■ **WORK INSTRUCTIONS**
Set down nothing but the lines from the one containing "Casa en Venta" to the final line of the material, exactly as written, and drop the pictures.

----- DATASET CONTENT -----

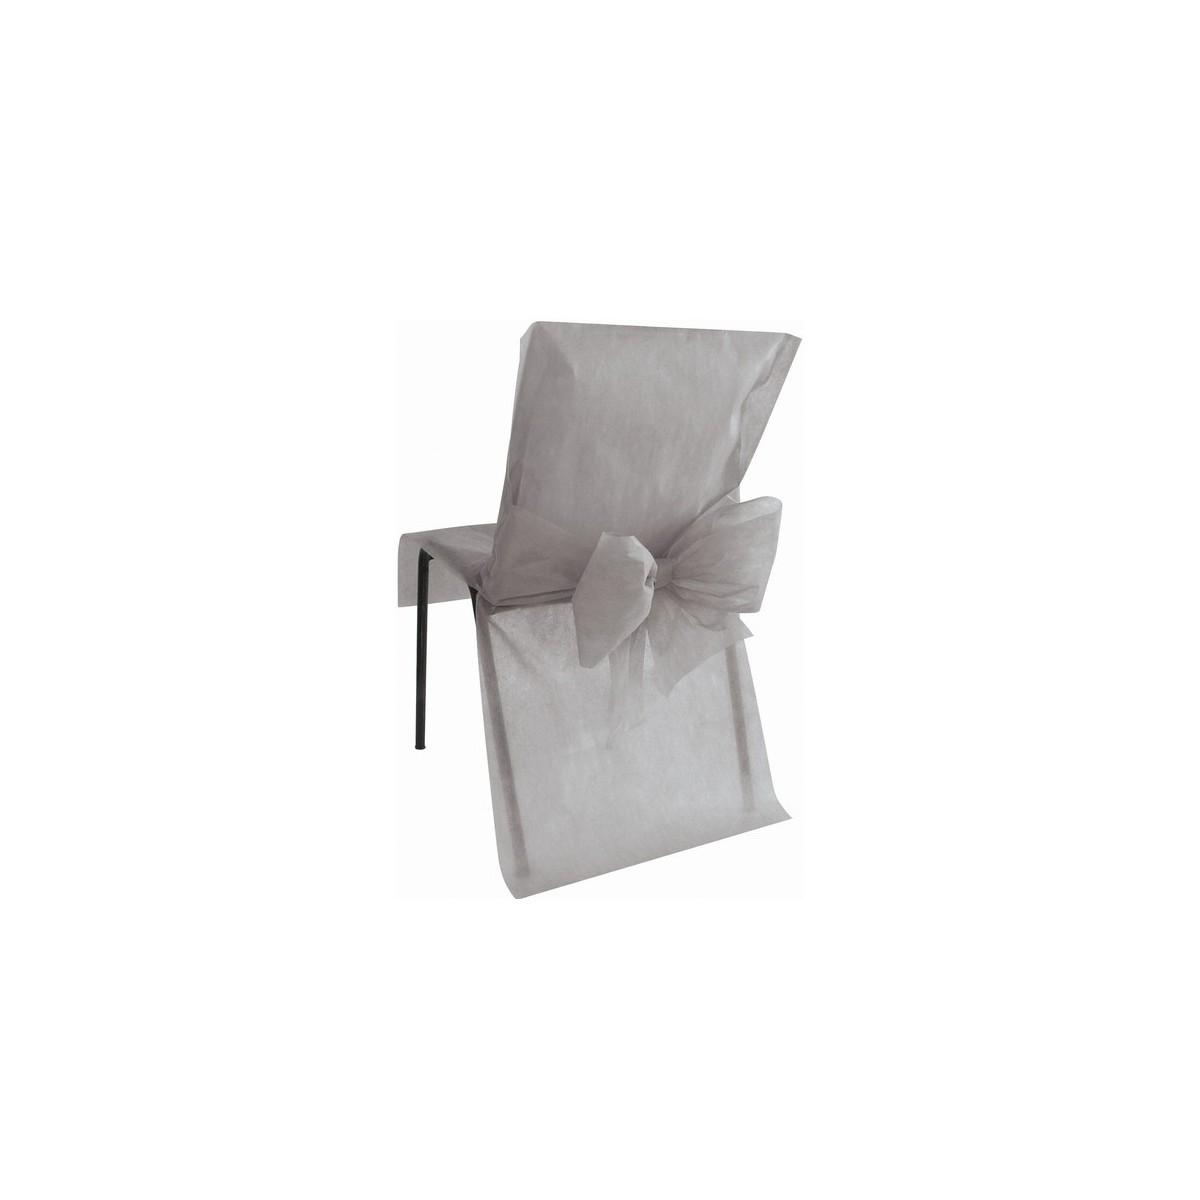 10 housses de chaise grises les p tites f es. Black Bedroom Furniture Sets. Home Design Ideas
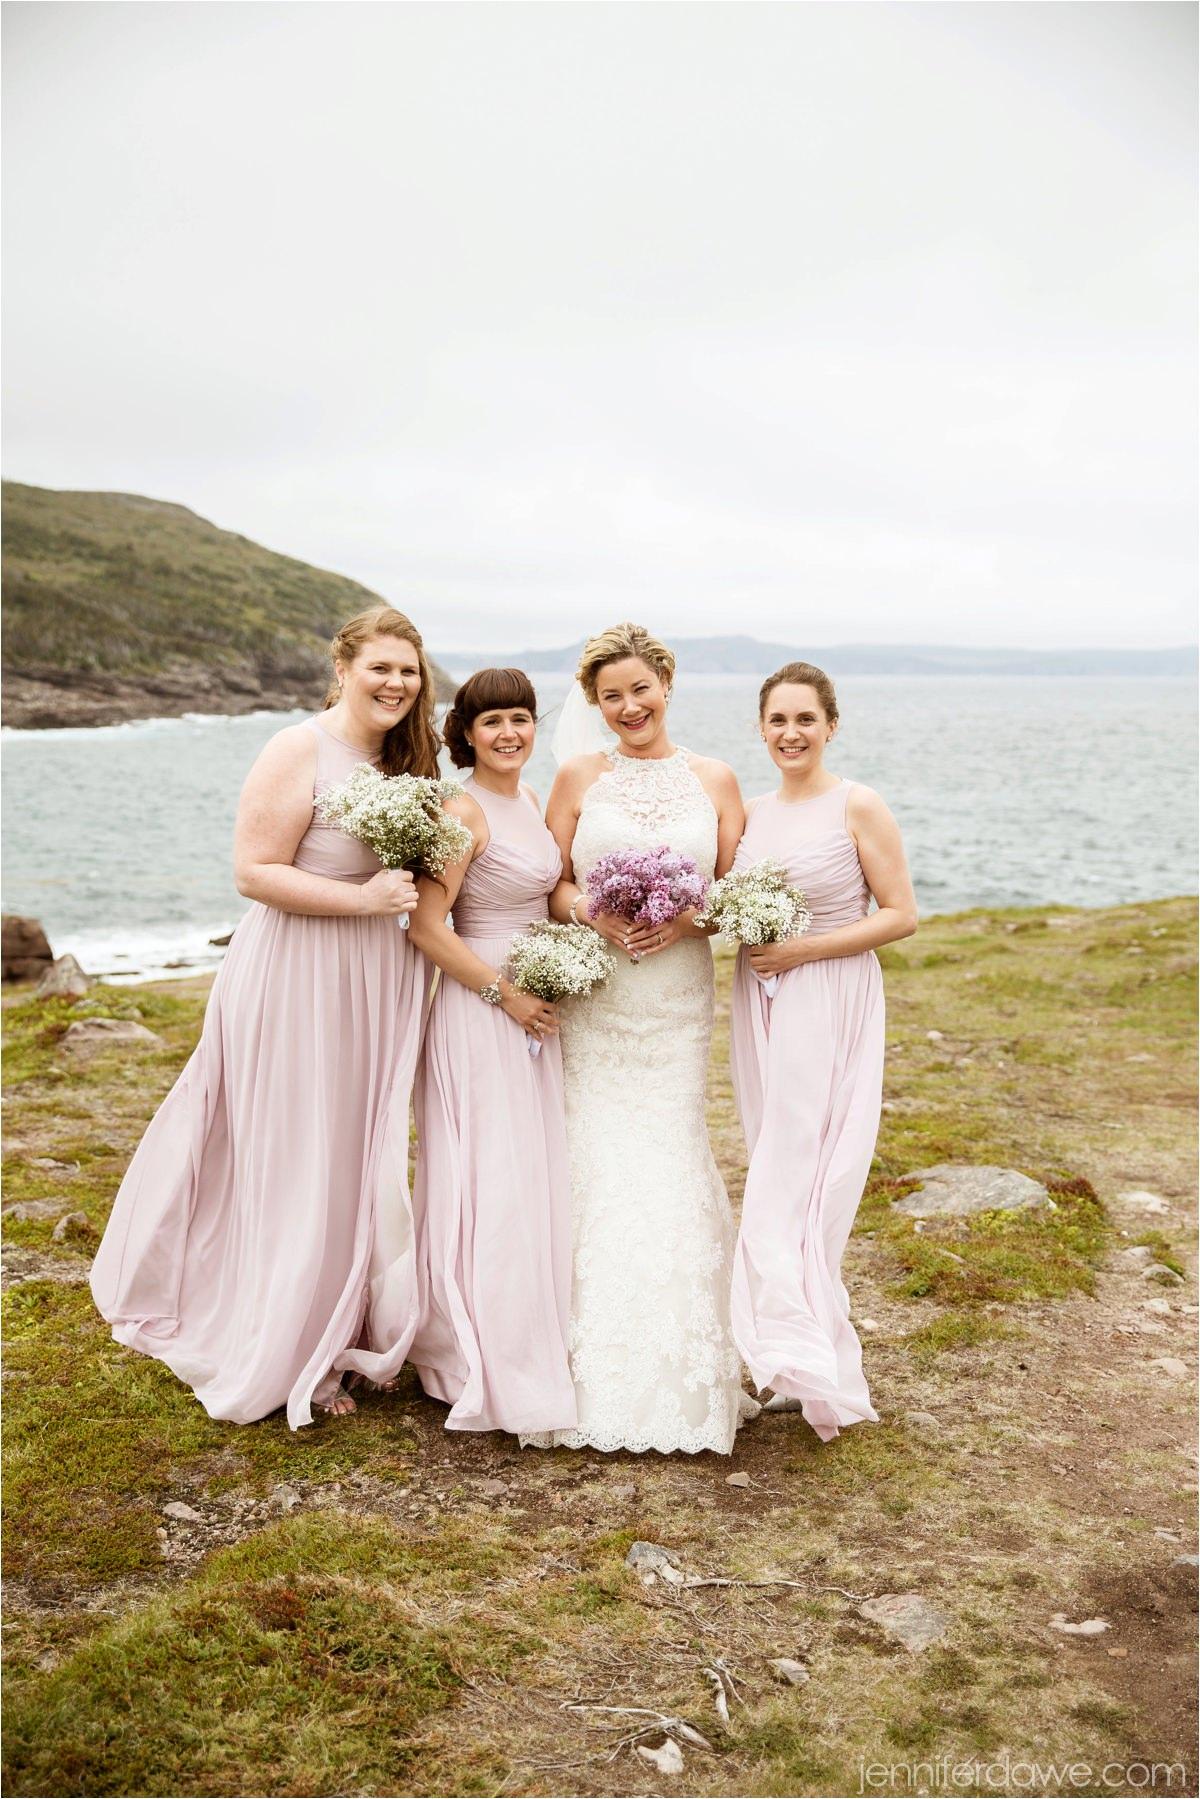 St John's Newfoundland Wedding Photographers Woodstock Wedding Best Newfoundland Wedding Photographer Jennifer Dawe Photography25
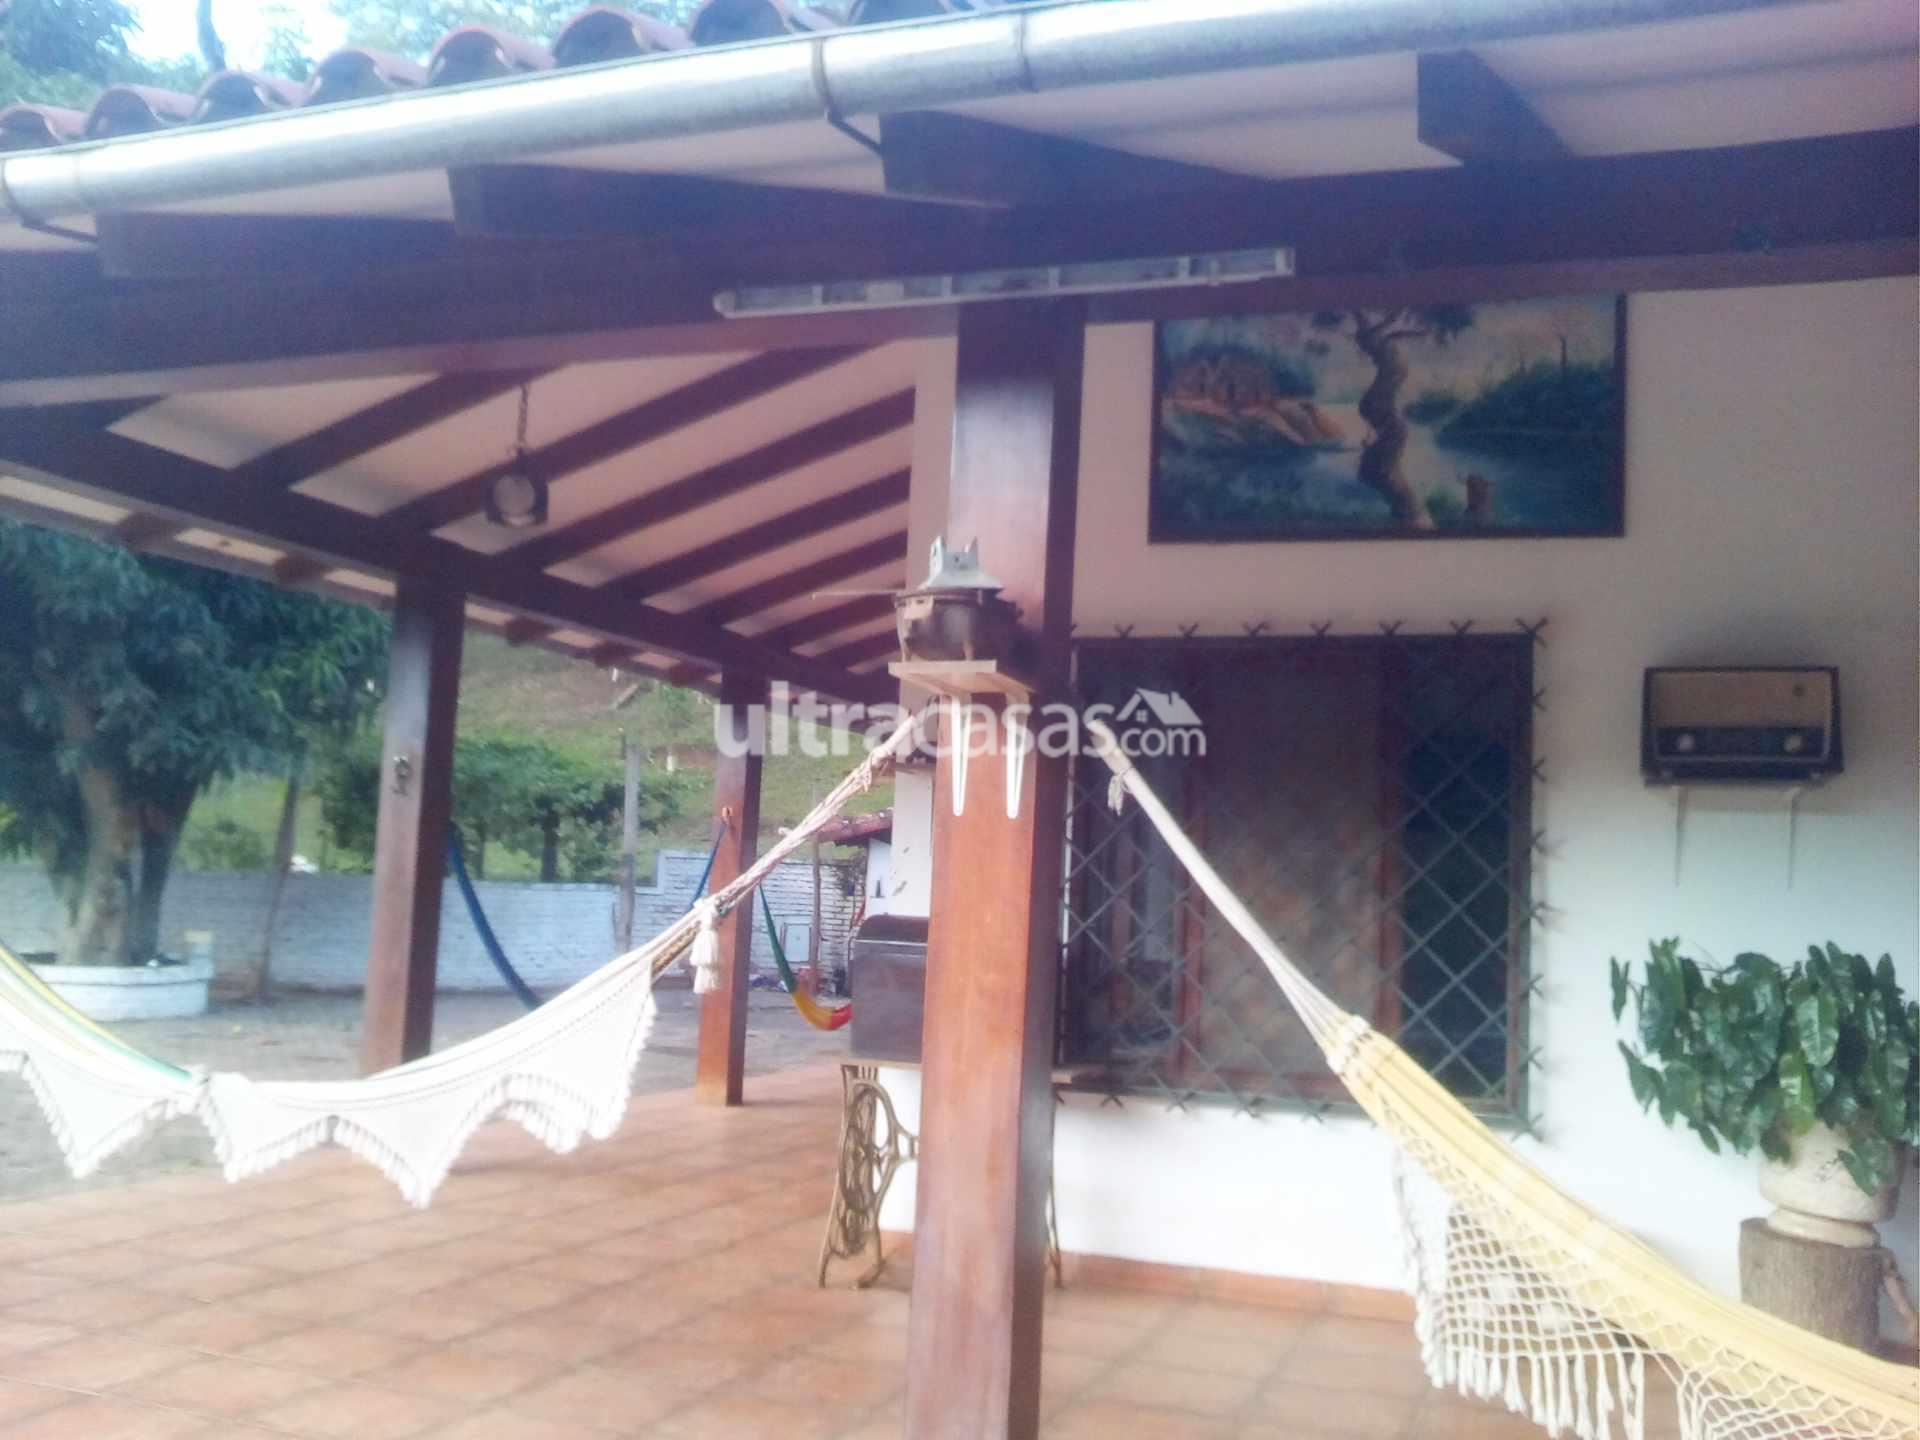 Casa en Venta Poblacion el torno del surtidor el torno ingresando  900 mt. Se encuentra la quinta Foto 2
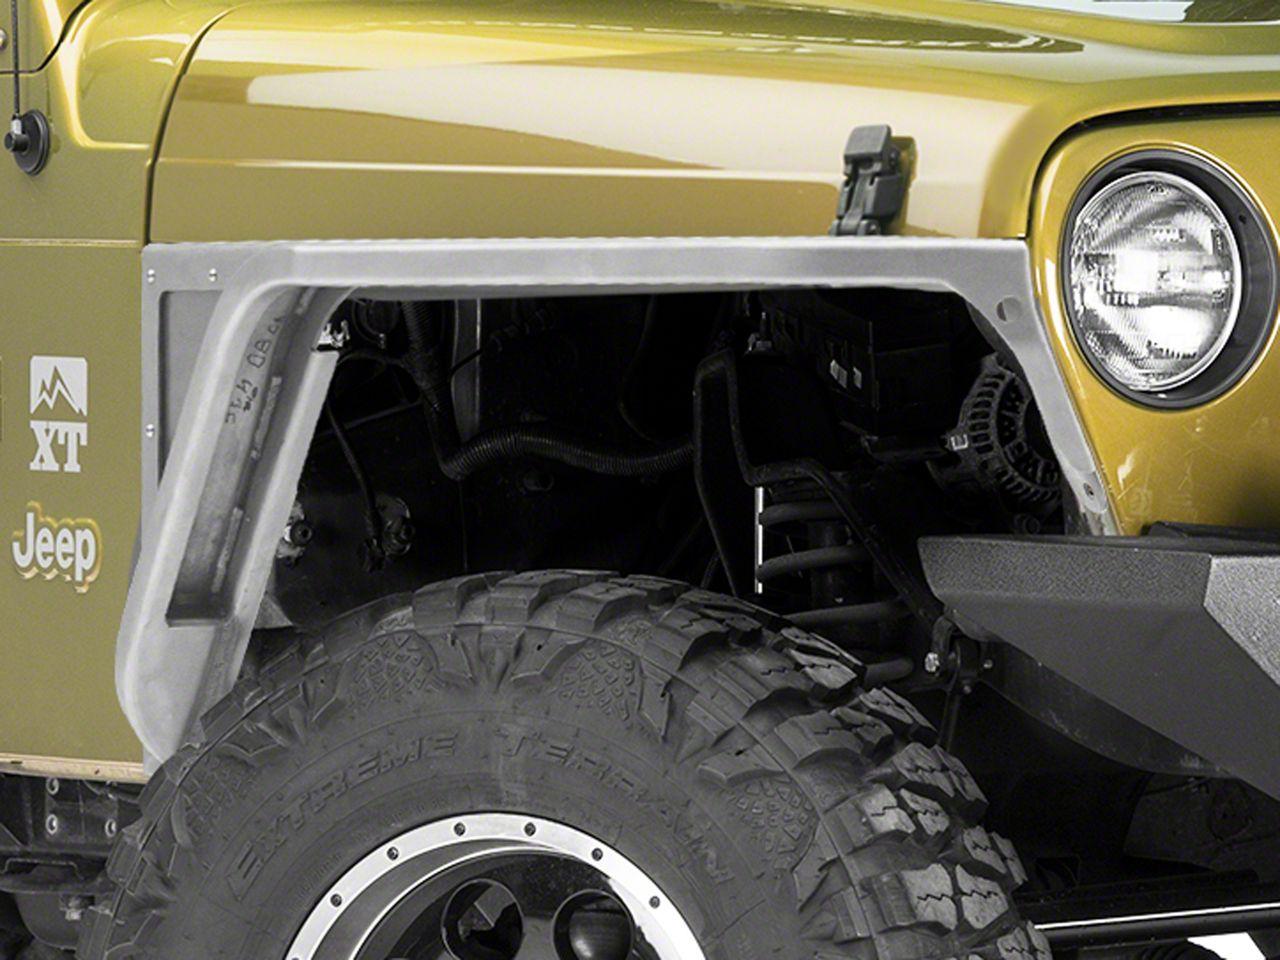 Poison Spyder 3 in. Front DeFender Tapered Fender Flares - Bare Steel (97-06 Jeep Wrangler TJ)

-----

■ **ANSWER SECTION**
 Casa en Venta Poblacion el torno del surtidor el torno ingresando  900 mt. Se encuentra la quinta Foto 2
 Poison Spyder 3 in. Front DeFender Tapered Fender Flares - Bare Steel (97-06 Jeep Wrangler TJ)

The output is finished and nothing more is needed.